## DIRECTIONS FOR THIS TASK
Repeat the listing below word for word, minus the pictures.
DATA BELOW START
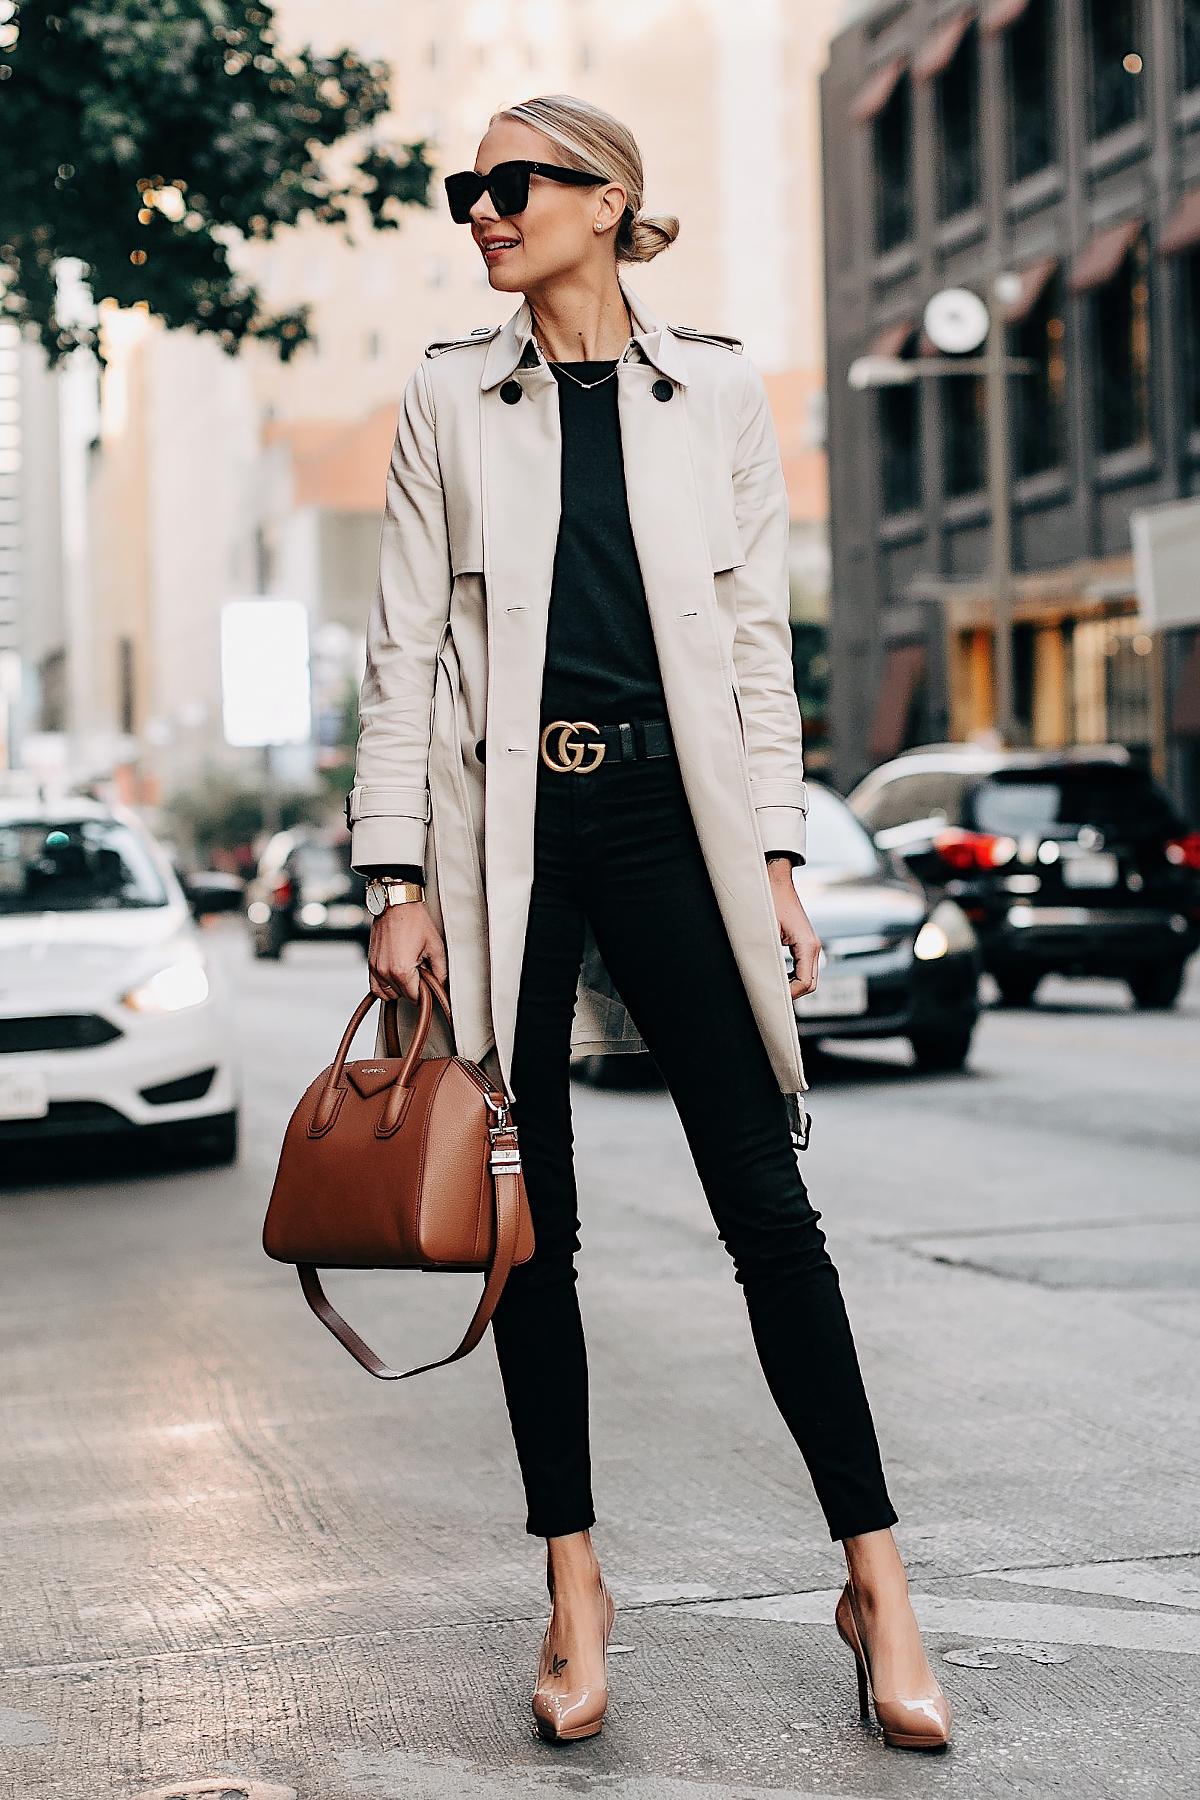 fe77400040e Blonde Woman Wearing Club Monaco Trench Coat Black Sweater Black Skinny  Jeans Gucci Belt Nude Pumps
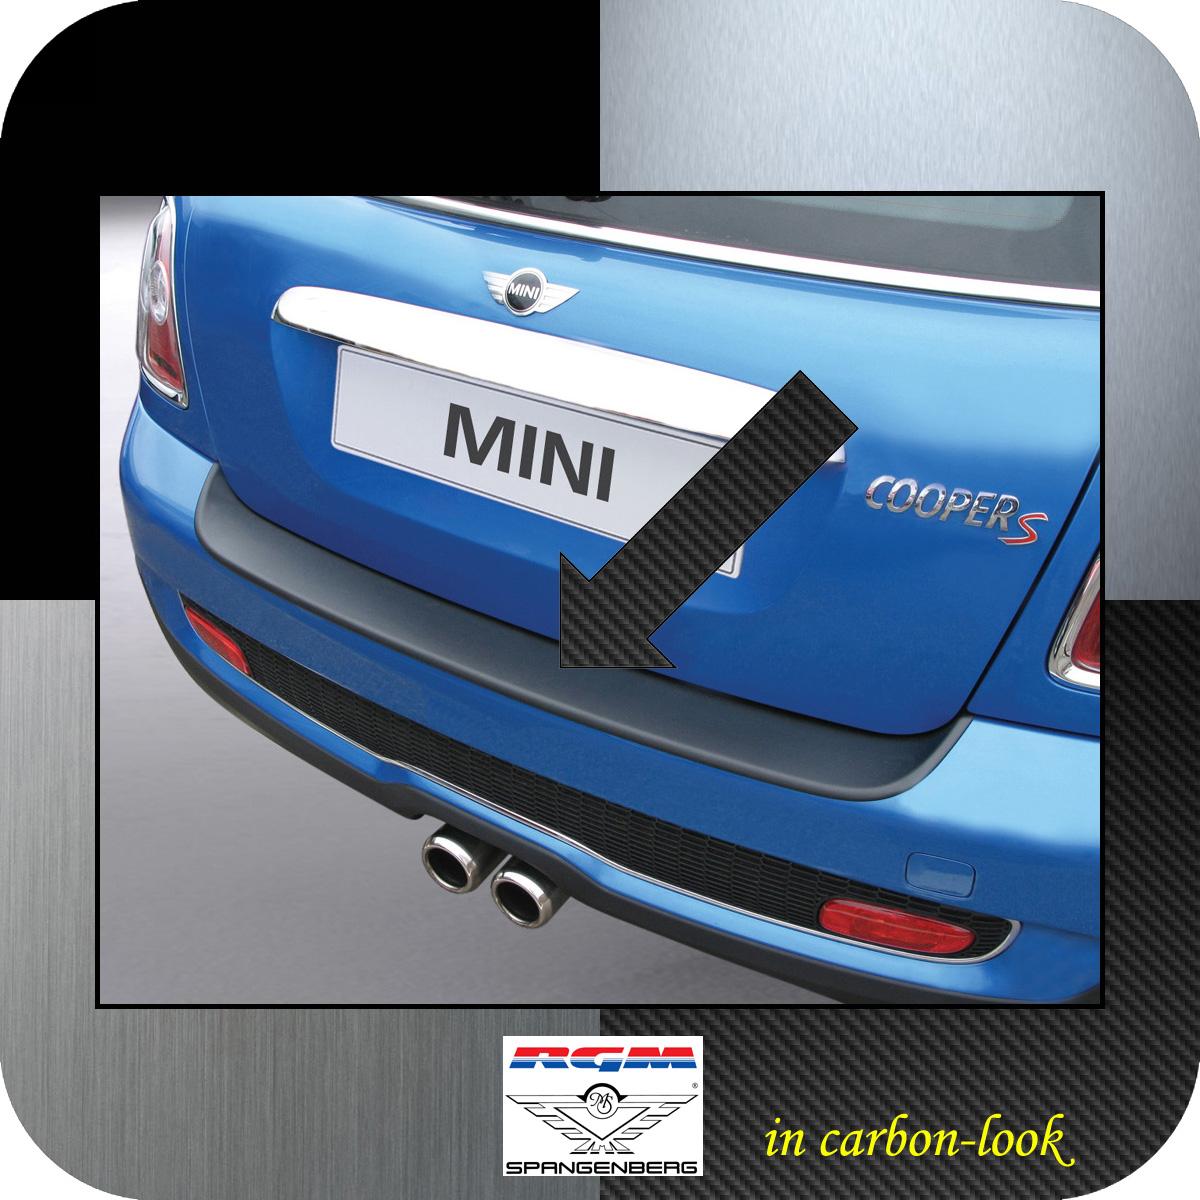 Ladekantenschutz Carbon-Look Mini BMW Coupe Cooper R58 ab Baujahr 2011- 3509102
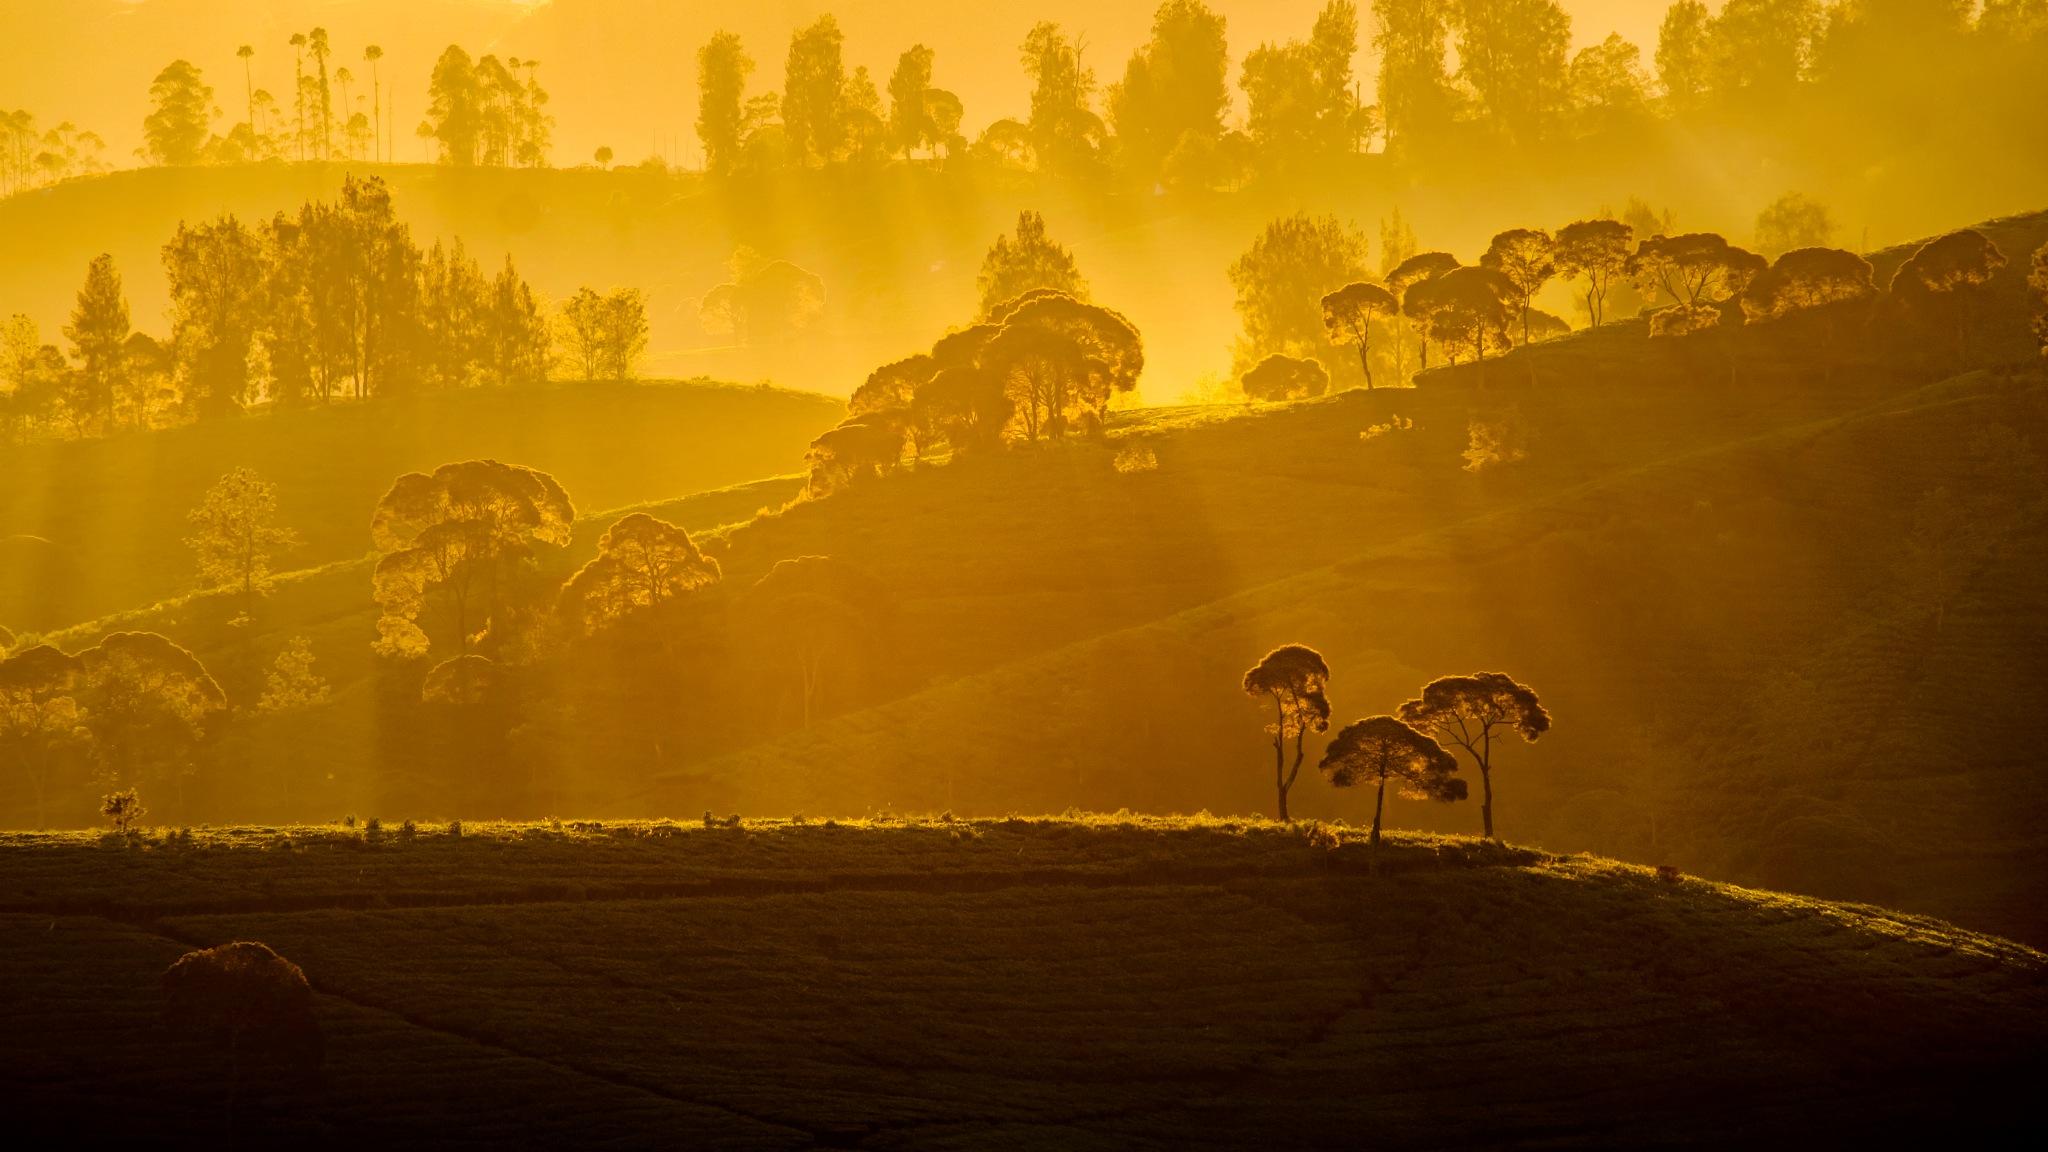 Morning Sunbath by Adnan Hidayat
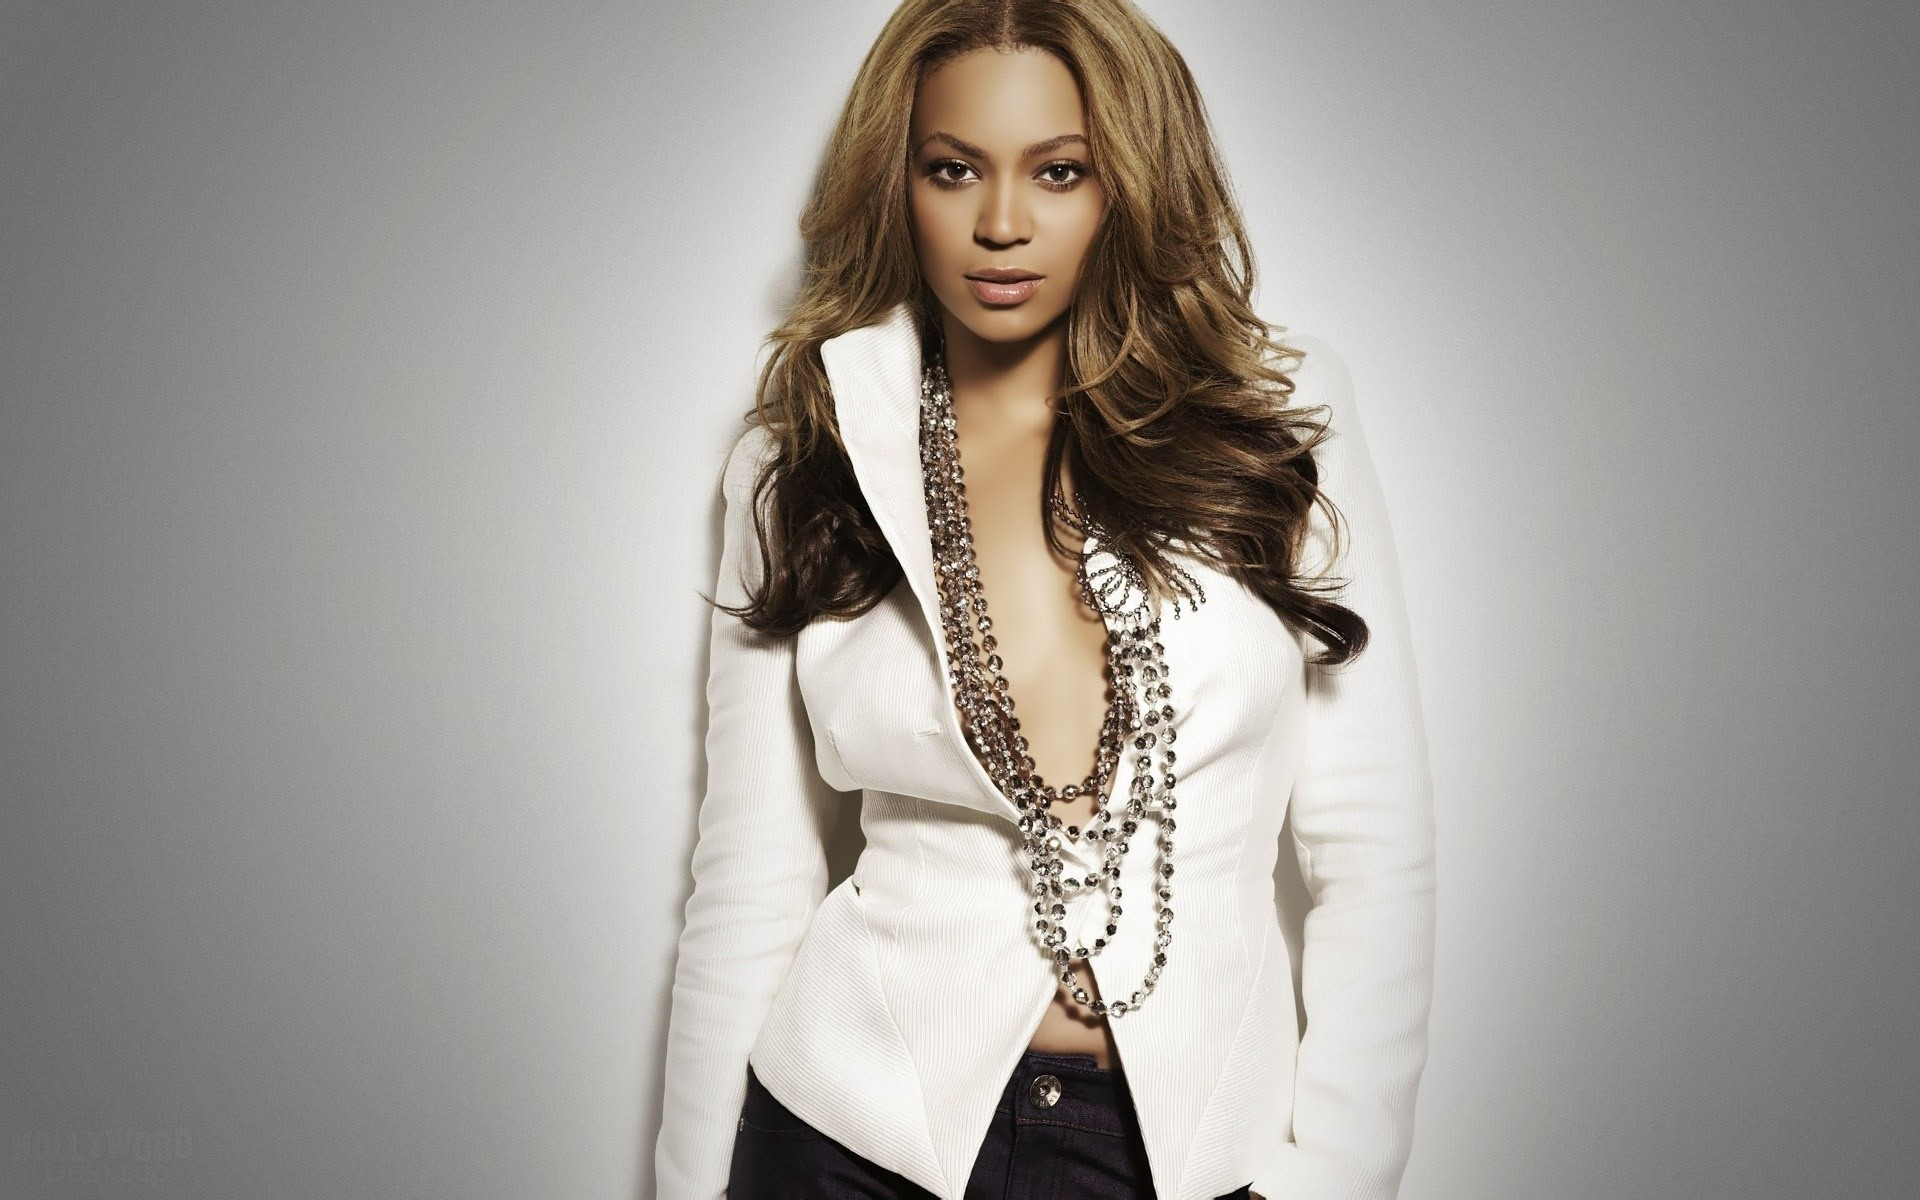 Beyonce Hd Wallpaper 73 Images
DATA BELOW END
## OUTPUT OF THE TASK
 fe77400040e Blonde Woman Wearing Club Monaco Trench Coat Black Sweater Black Skinny  Jeans Gucci Belt Nude Pumps
 Ladekantenschutz Carbon-Look Mini BMW Coupe Cooper R58 ab Baujahr 2011- 3509102
 Morning Sunbath by Adnan Hidayat
 Beyonce Hd Wallpaper 73 Images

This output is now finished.